In fact, the most important thing to notice in this summary table is that Series.Strength has a p-value of 0.224. This means that its coefficient is not, statistically speaking, significantly different than 0.  In other words, we do not have strong evidence that past games in an NBA playoff series are in general particularly useful for predicting the score of the next game, above and beyond what we already know from the regular season strengths of the teams. Moreover, the R-squared is almost exactly the same as Model 1.

Of course, I am not arguing that the first few games of a series are not useful for providing coaches and fans with lots of information that is useful in thinking about the next meeting.

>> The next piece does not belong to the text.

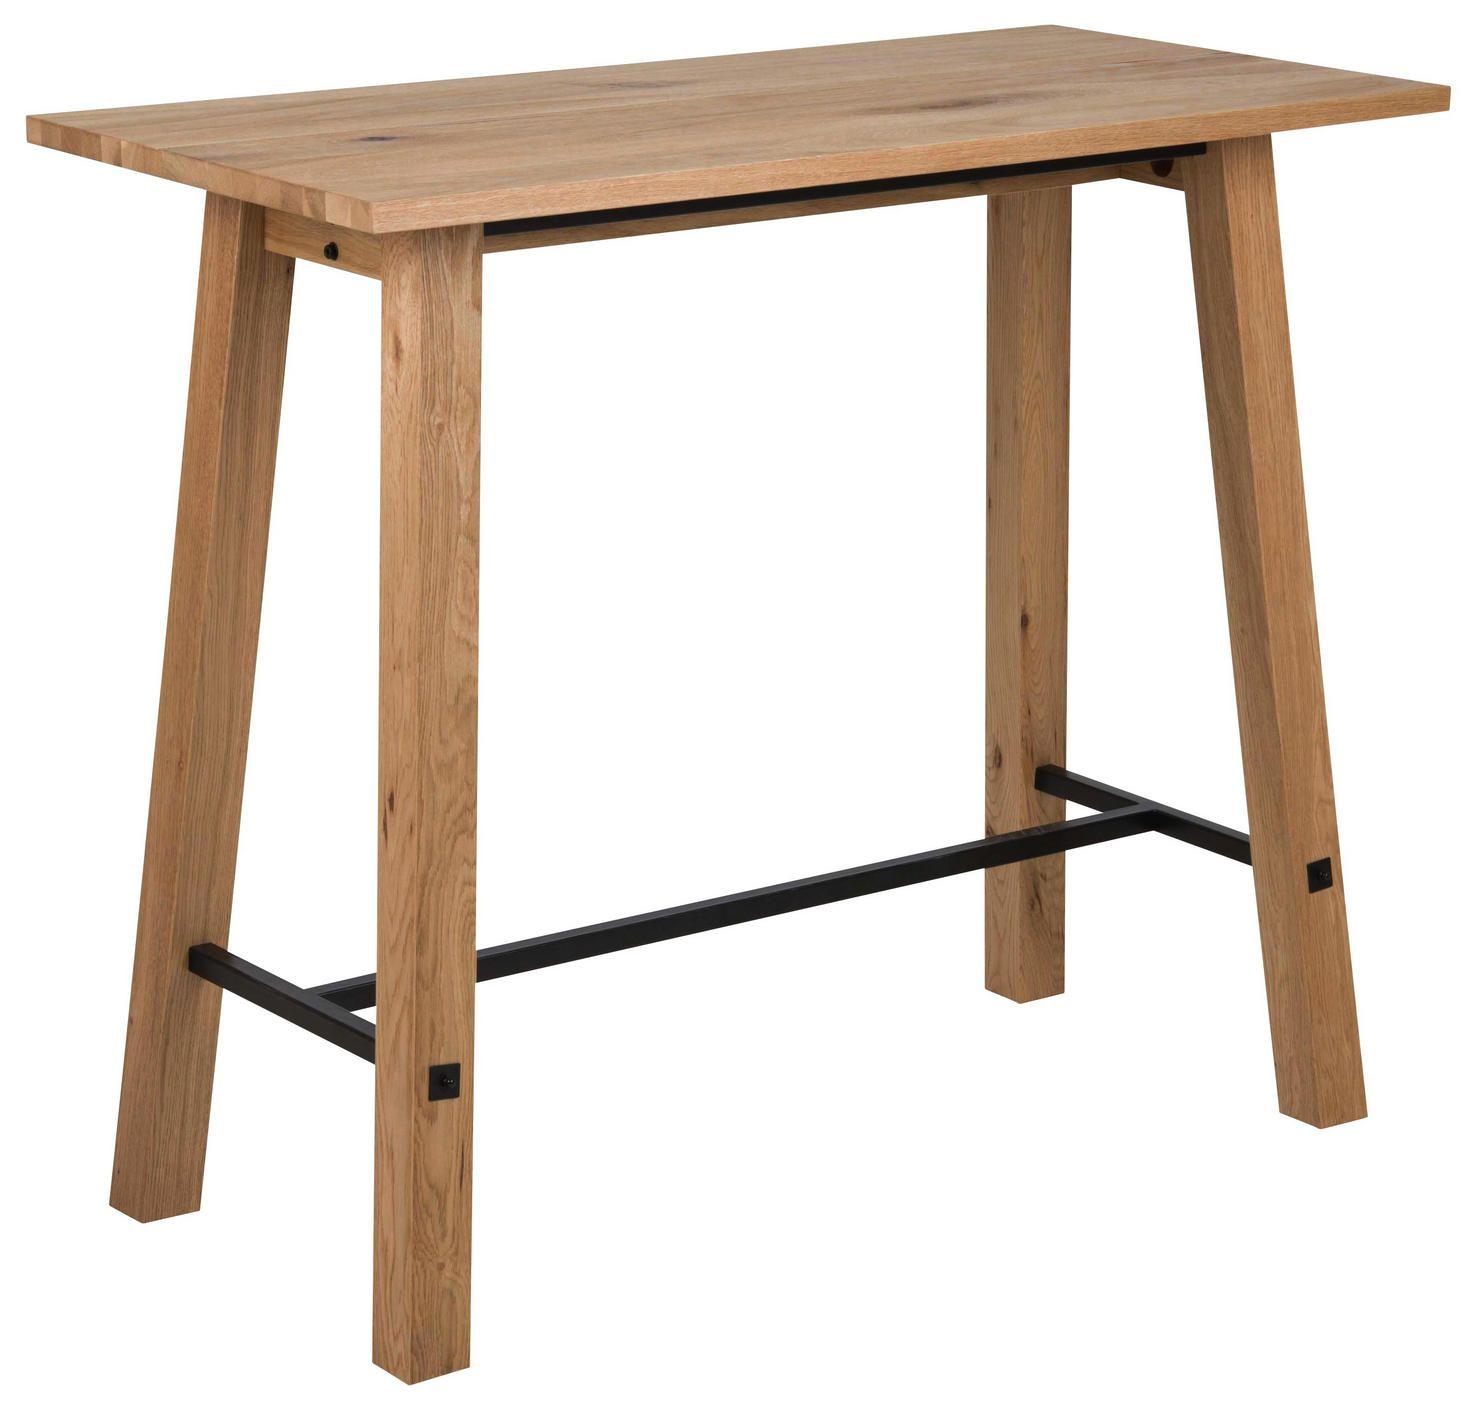 Bartisch In Holz Metall 120 60 105 Cm Bartisch Stehtisch Und

And certain matchups are more/less favorable for a particular team. It is simply that a few games in a series are not enough data to overcome the inherent randomness in a basketball game. If we had a 21 game series, it is entirely plausible that we could gather information from games 1-15 which would help us a lot in predicting game 16. But an NBA series provides us at most 7 data points. I am just pointing out that we should be careful not to overreact too much to this small sample and forget what we have learned about the teams over a much larger regular season.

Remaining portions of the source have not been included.